Amen. The 10-year-overnight-success speech is the first one you hear in any responsible acting class. No matter. Every day, a fresh crop of rubes pile out of the bus, stars in their eyes, looking for the Schwab’s counter.
That’s no excuse to move slow though.
[…] you must move very fast […]
because it’s a long journey!
it’s important to be frugal – you don’t want to starve to death…
Strangely, this post almost exactly describes my adventures in Oregon Trail.
Thanks for this article, Jeff. We’re in public beta with our app, colaab, at the minute so it’s good to be reminded that patience and letting traffic slowly build up can be a successful strategy.
I discovered codinghorror one night. read the insightful posts over the course of the night. By morning I was on the path to becoming a better developer. As far as I am concerned, you ARE an overnight success. Thanks for everything.
Plus one for it takes time and years of effort. Our startup Tonsho.com - an email service for sending large files was released in beta in April 2008. We’ve now got 600 free users and 5 pro users. It took 6 months after beta launch before we got good enough to get our first pro user. We’ve still got more things planned than we can have time for!

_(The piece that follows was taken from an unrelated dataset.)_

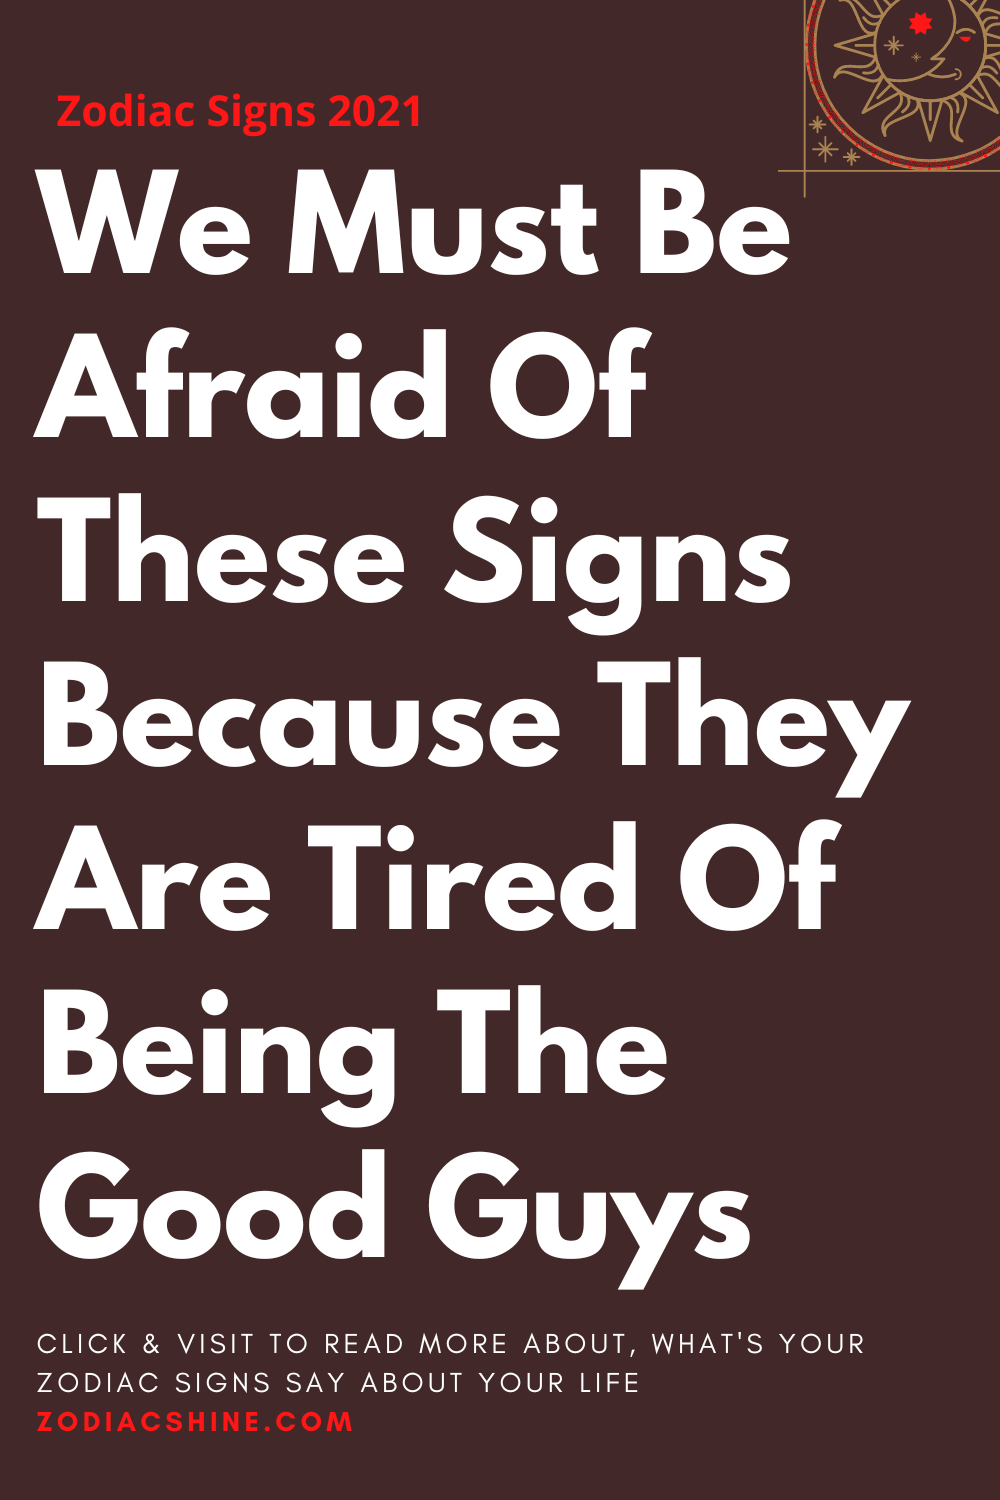 We Must Be Afraid Of These Signs Because They Are Tired Of Being The Good Guys

Good luck with Stack Overflow - the first problem I searched for was already in there shortly after launch - so its looking good!
Great article, I completely agree having experienced the same need to grind away at a project for years on end with our sports management site (thats free by the way) at www.teamzonesports.com.
If your working for many years on such a site/startup/whatever… how do you mange not getting any money for it? Do you work only in the evenings/weekends or did you manage somehow to get a little bit of money before everything starts… or what?